*** INPUT DATA ***
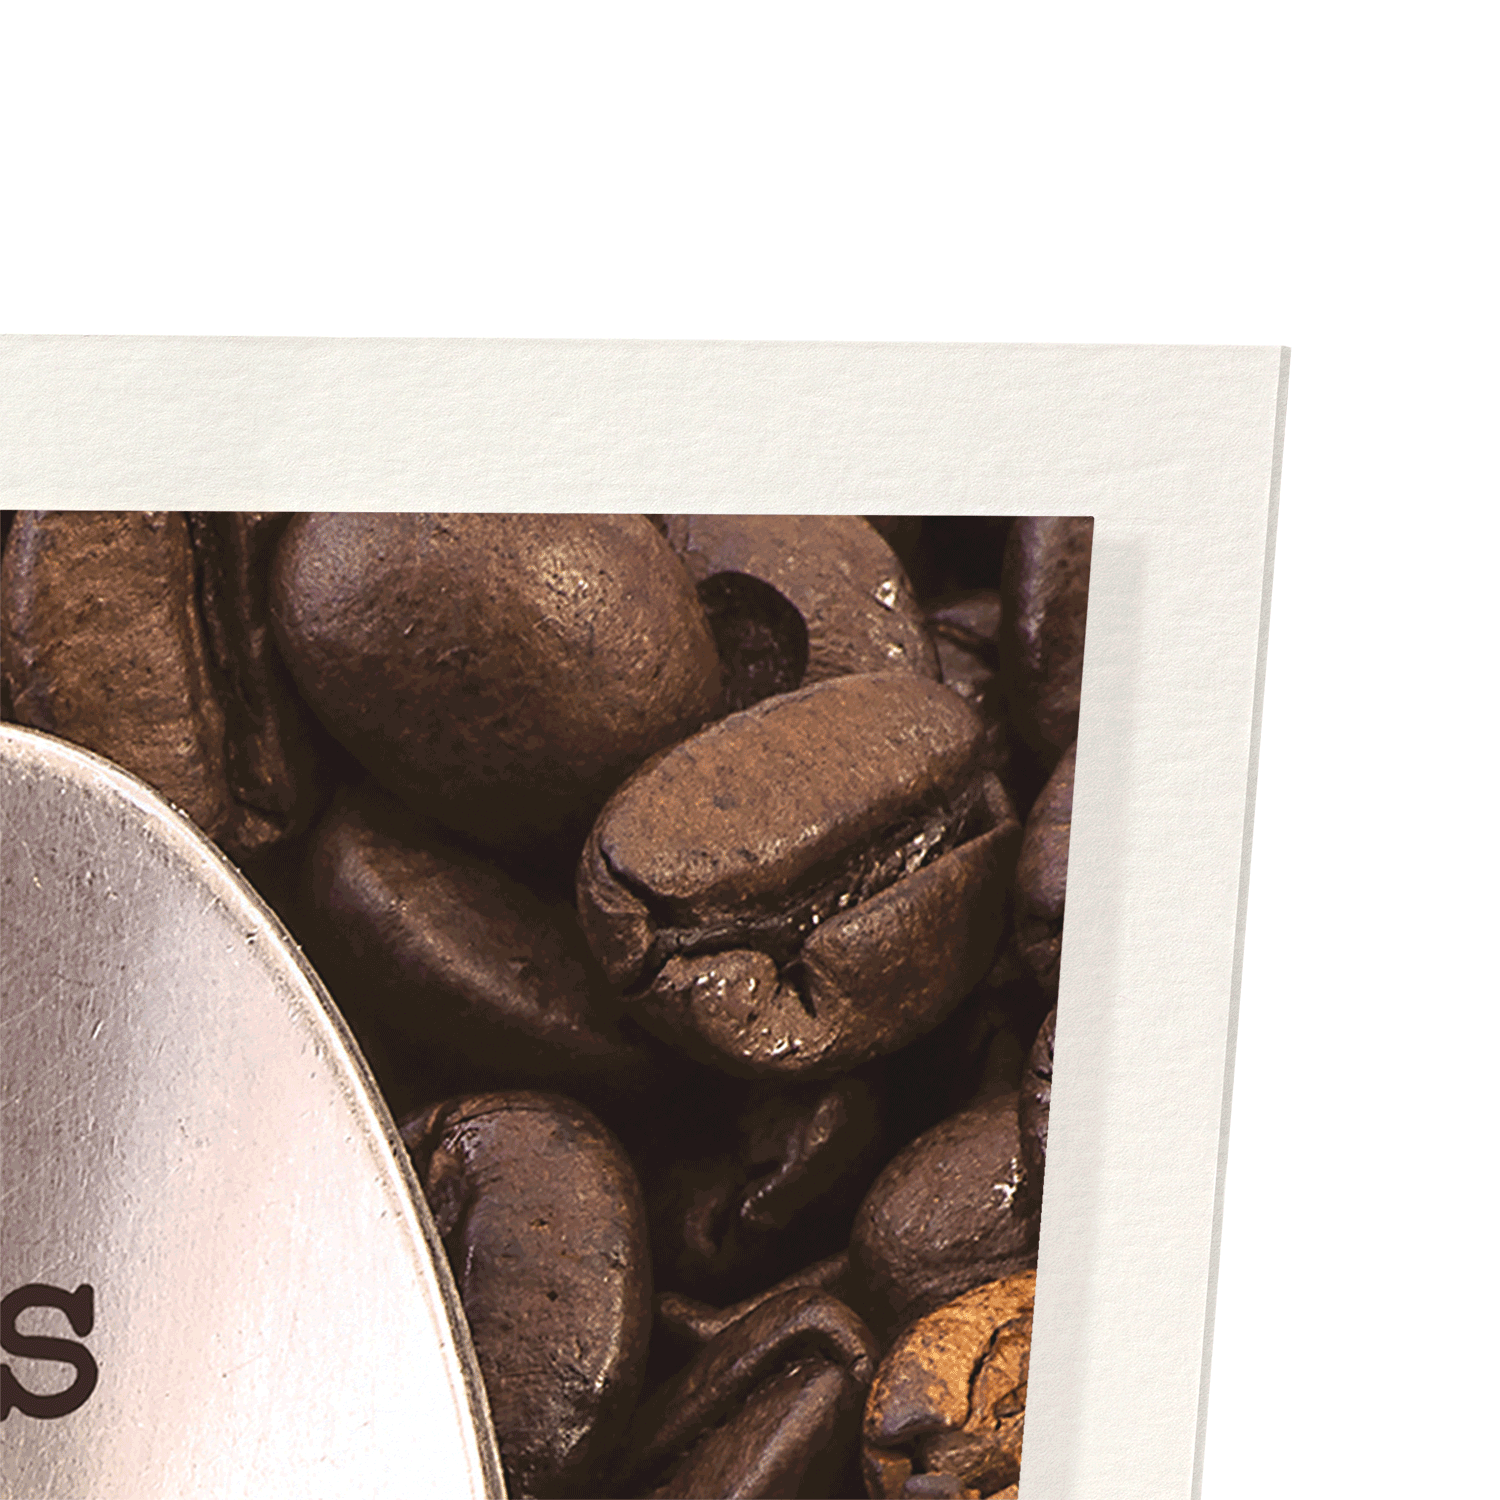 COFFEE O’CLOCK: Photo Art print
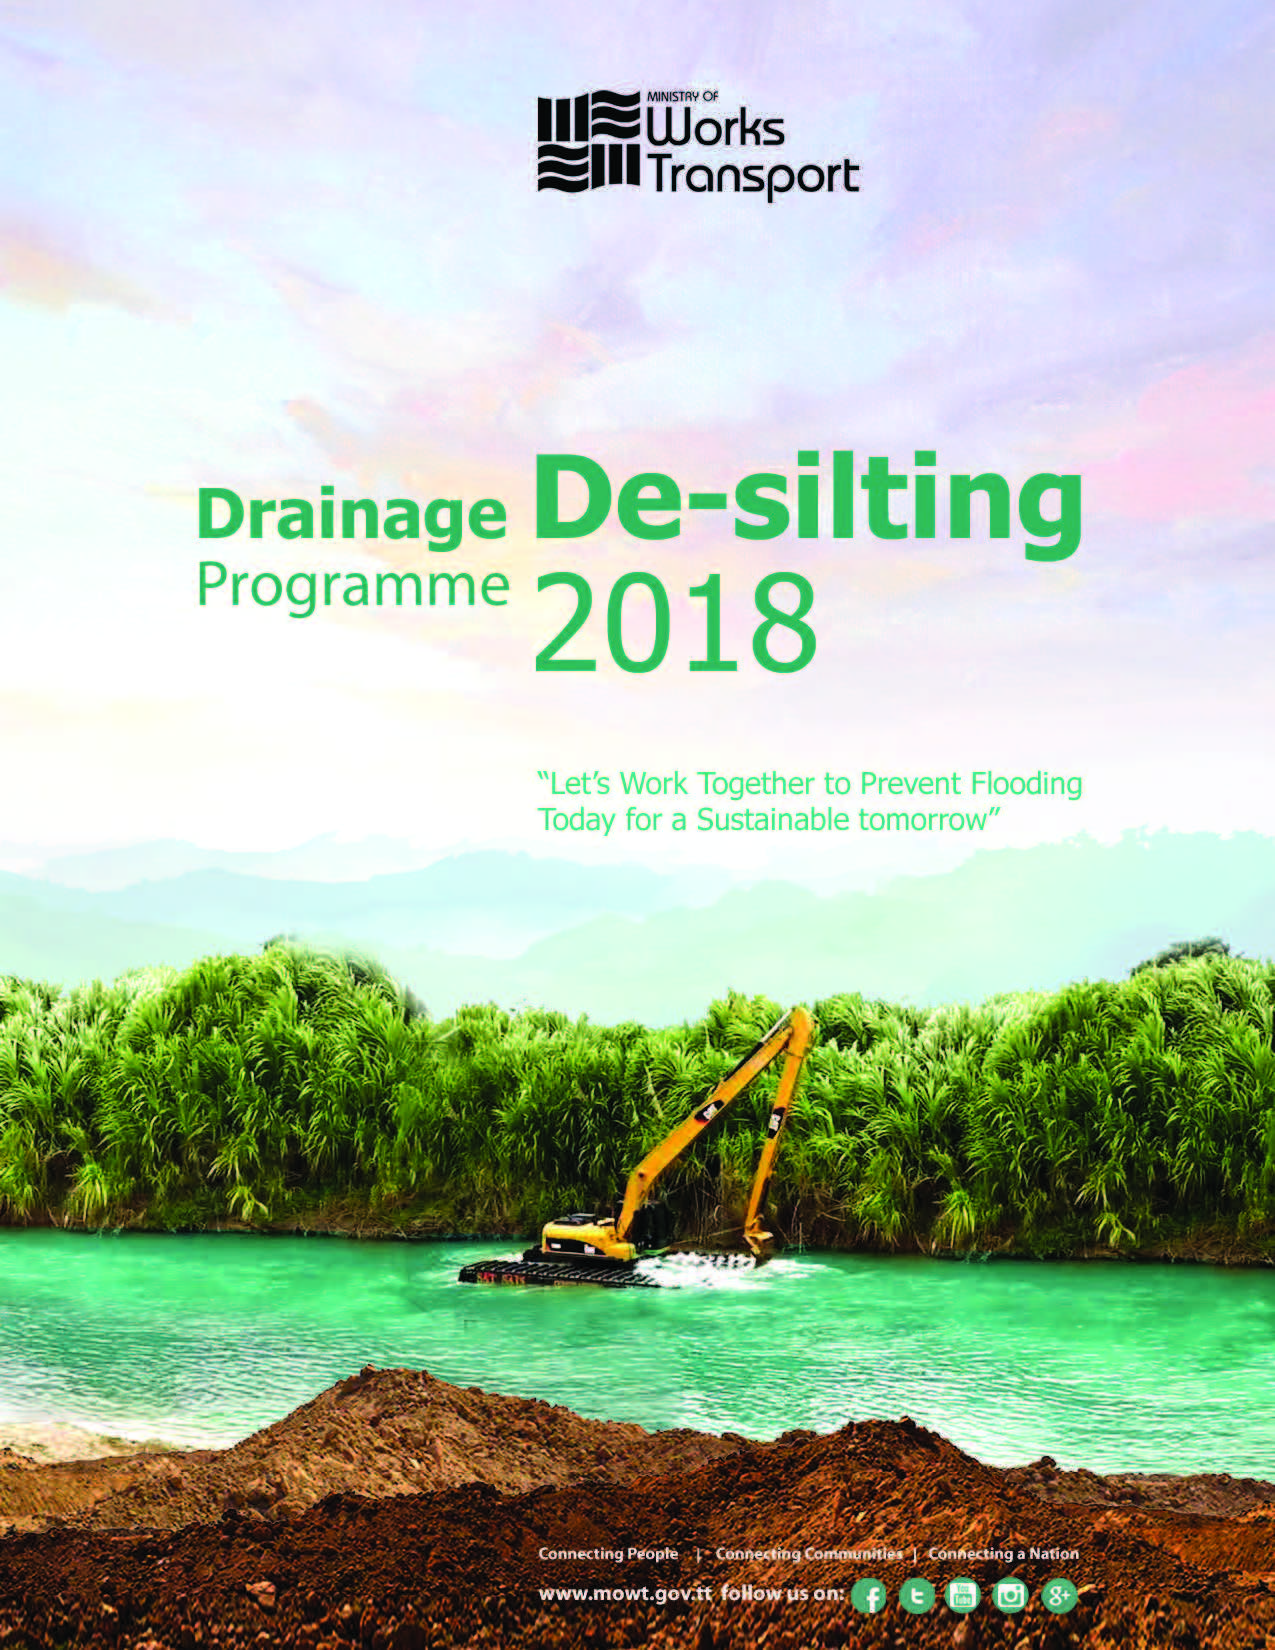 Drainage-Desilting-Programme-2018-1.jpg
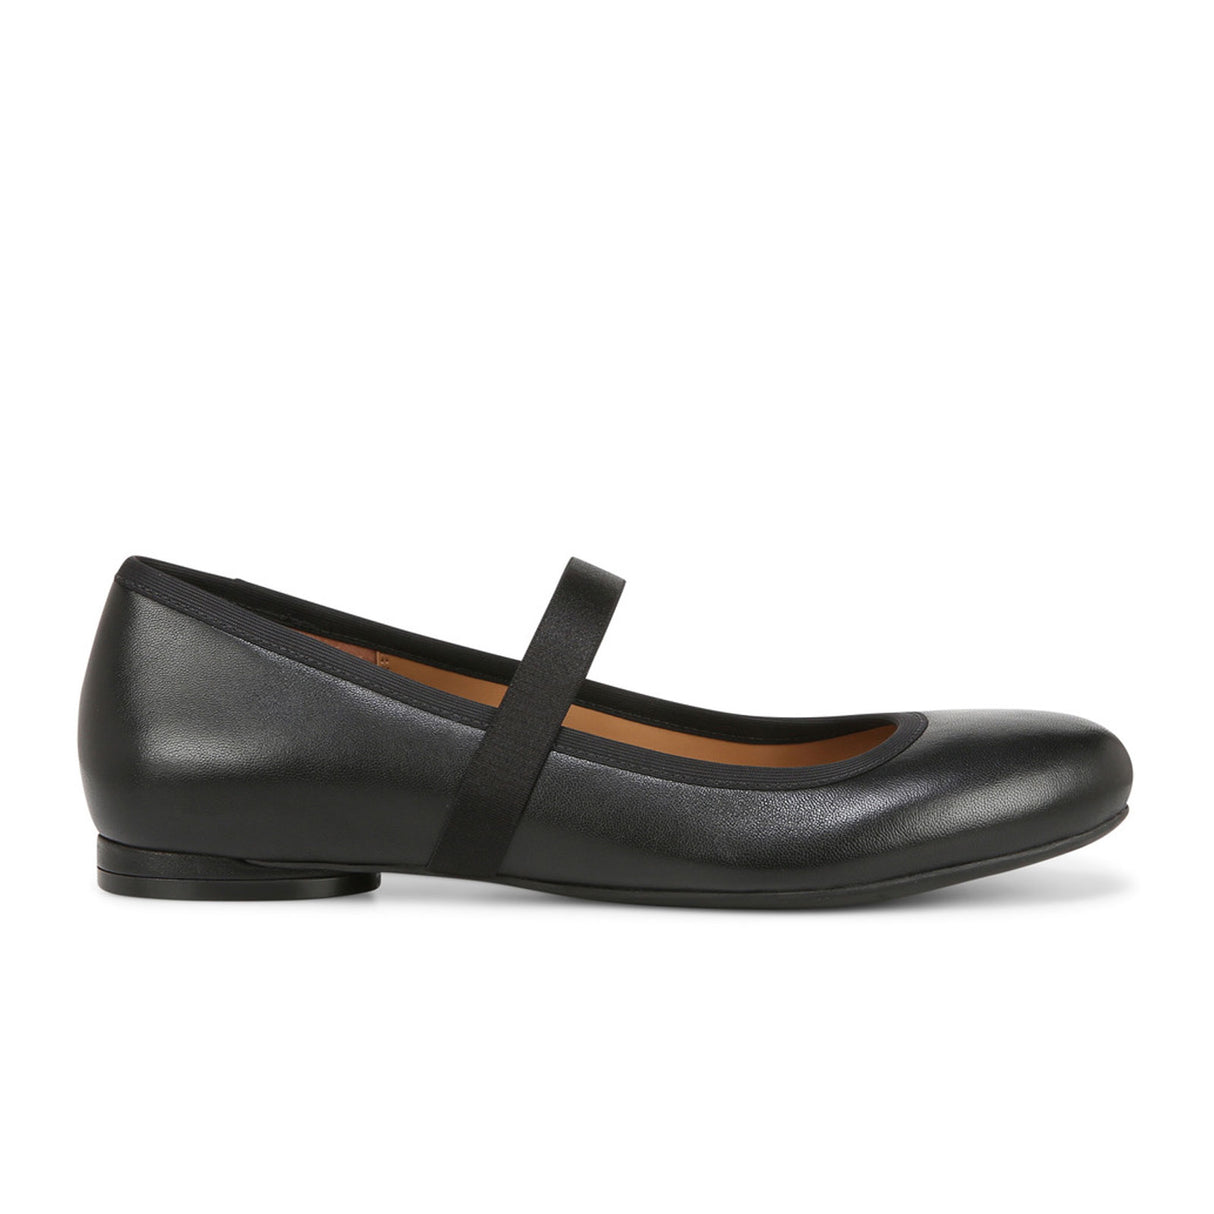 Vionic Joseline Mary Jane Flat (Women) - Black Leather Dress-Casual - Mary Janes - The Heel Shoe Fitters
*** End of INPUT DATA ***
TASK TO COMPLETE:
Apart from the images, retype the full material exactly as written.

ANSWER SECTION:
 COFFEE O’CLOCK: Photo Art print
 Drainage-Desilting-Programme-2018-1.jpg
 Vionic Joseline Mary Jane Flat (Women) - Black Leather Dress-Casual - Mary Janes - The Heel Shoe Fitters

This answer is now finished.